Real-world data and precision medicine can optimize cancer care for patients by understanding and combating complications while speeding up effective treatment options.

Personalized medicine is vital because it streamlines clinical decision-making through genetic tests or biomarkers. Essentially, personalized care lets caregivers feel more confident that a patient will respond to a specific drug or be less likely to have an adverse reaction to another. 

However, personalized medicine relies on a plethora of patient data to determine those personalized insights, posing a challenge for the healthcare industry. Healthcare experts need to consider how to conduct studies of health data that focus on the broad range of diverse patients in vulnerable areas across the globe.   

Therefore, experts have increased interest in real-world data to answer clinical questions.   

The Role of Real-World Data (RWD) 

RWD relates to patient health status and the delivery of healthcare routinely collected from various sources, including EHRs, product and disease registries, patient-generated health data, and biometric monitoring devices. 

Linking RWD and other information from co-occurring data sets could create study populations that provide generalizable evidence for personalized treatment options. 

According to C.K. Wang, MD, chief medical officer at COTA Healthcare, RWD sources can produce valuable insights into treatments and their outcomes in routine, daily oncology practice. In addition, this data can also play a crucial role in clinical trials. 

RWD can also produce valuable data in terms of treatment sequence.

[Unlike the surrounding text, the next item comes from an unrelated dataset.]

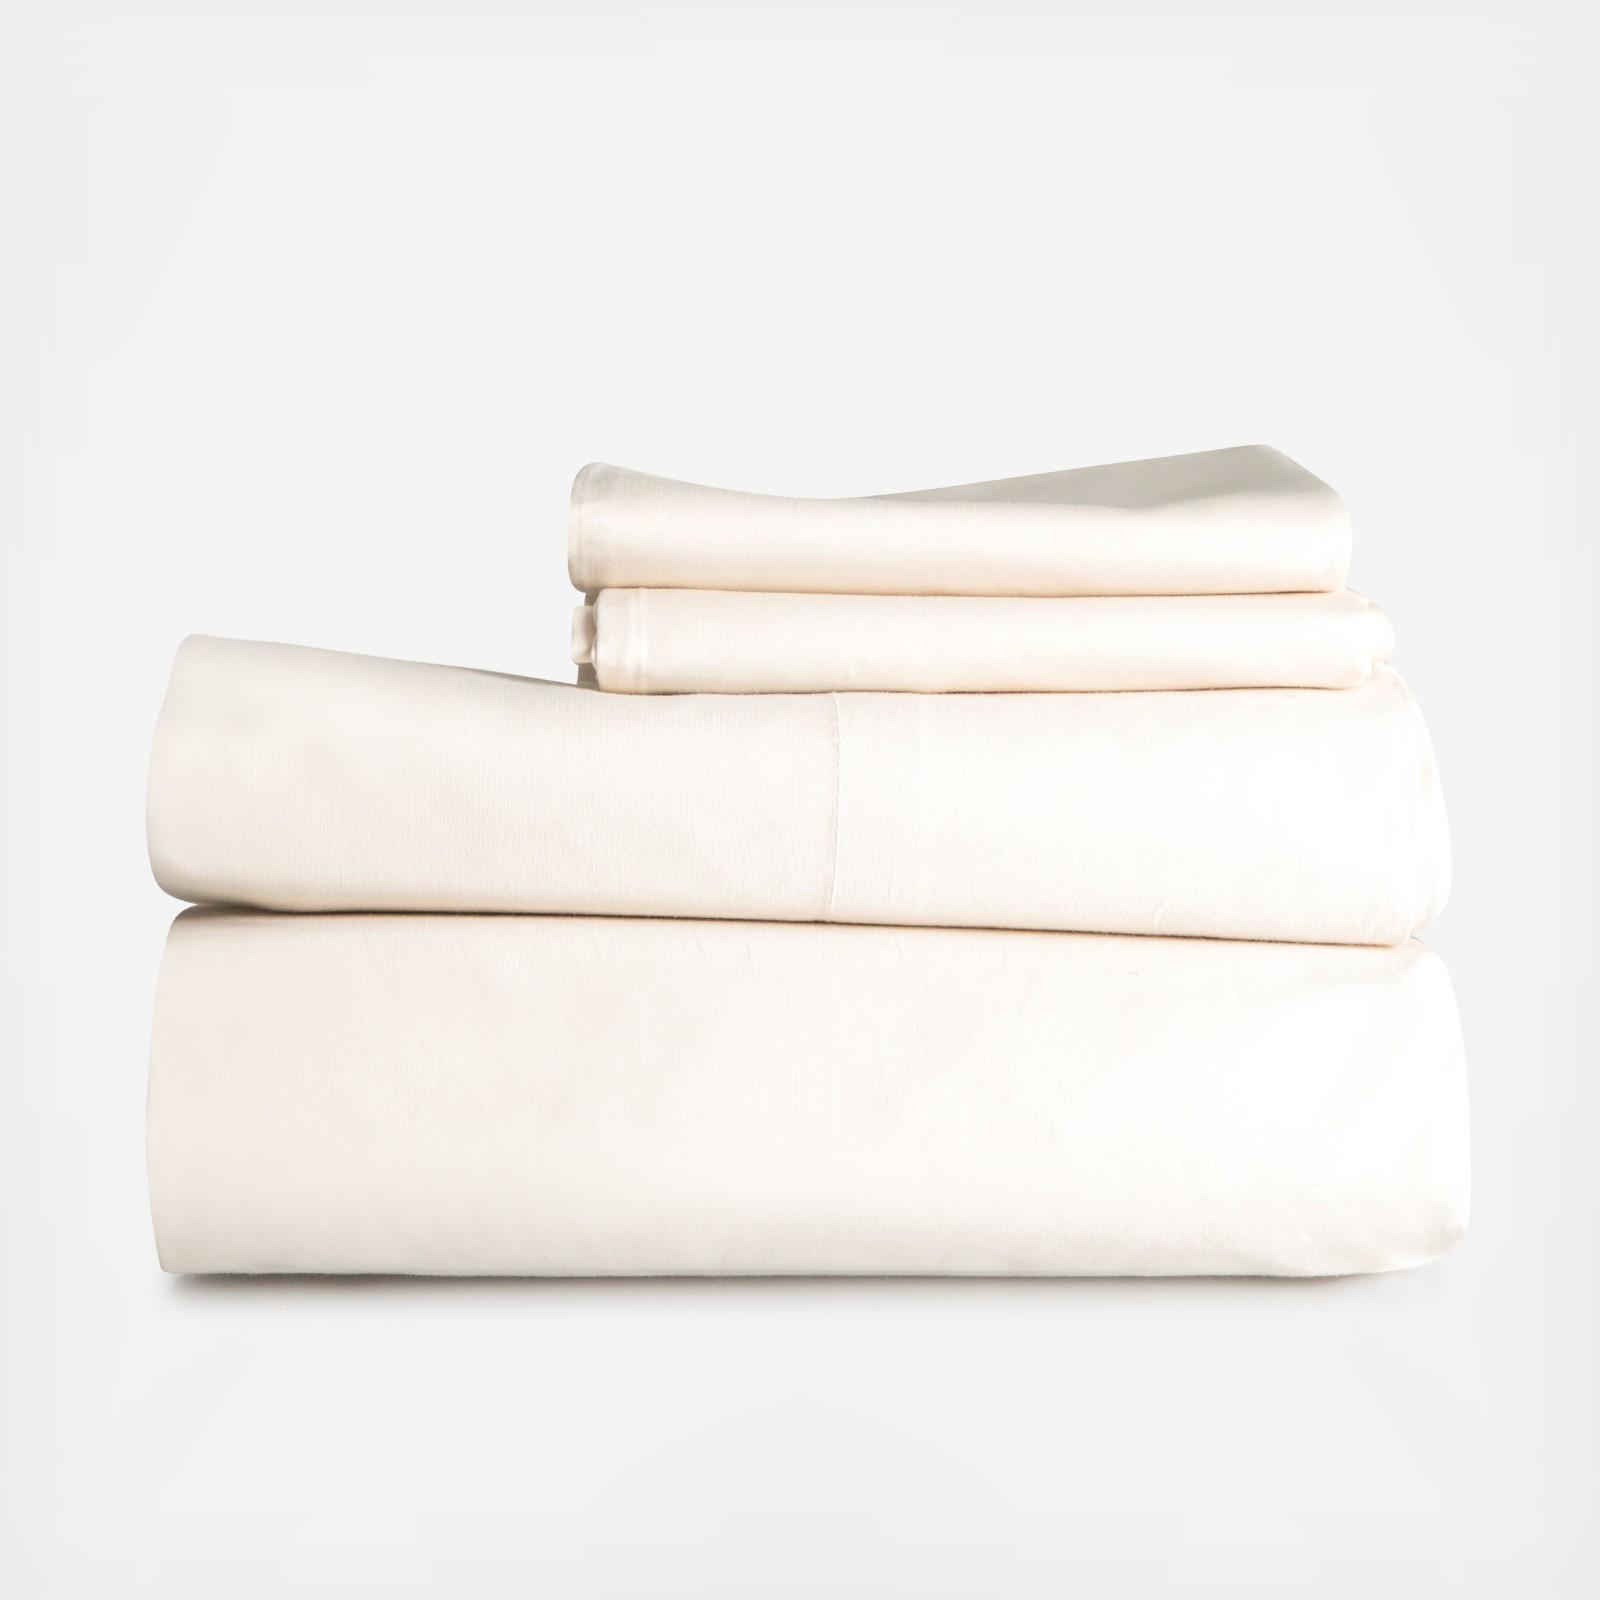 Amaze by welspun cotton sheet set bedding king navy blue - Amaze By Welspun Cotton Sheet Set Bedding King Navy Blue 13

Evidence produced by traditional trials can be limited because it focuses on comparing treatments within a specific line of therapy rather than comparing sequences. 

“A fundamental part of the personalized treatment selection process is understanding treatment-related side effects and/or complications, which are historically established through clinical trials and patient registries,” Wang told PharmaNewsIntelligence. 

“An equally important consideration is quality of life both during and after therapy, but many gaps exist today as clinical trial data do not address all possible patient and clinical scenarios,” he continued. “We believe that real-world data can play a role in filling these gaps.” 

RWD can drive researchers to utilize patient-reported outcomes to capture a broader range of toxicities. Wang stated that real-time patient-reported outcomes enable providers to intervene and manage treatment-related toxicities more expeditiously and help inform future treatment selection and patient management.         

A December 2021 COTA survey found that 83% of oncologists believe RWD is critical to accelerating the development of potentially life-saving cancer drugs and treatments. The findings from the study reinforce the need, by both providers and patients, for cancer care and treatment innovations to be fast-tracked moving forward. 

The Role of Precision Medicine 

While personalized medicine focuses on individualizing treatment options for every unique patient, precision medicine focuses on identifying which treatment approach applies to groups of patients based on genetic, environmental, and lifestyle factors. 

Precision medicine studies an individual’s genes. In cancer care, experts turn to precision medicine for individuals at a higher risk of developing certain cancers or who have failed to respond to a previous treatment option. 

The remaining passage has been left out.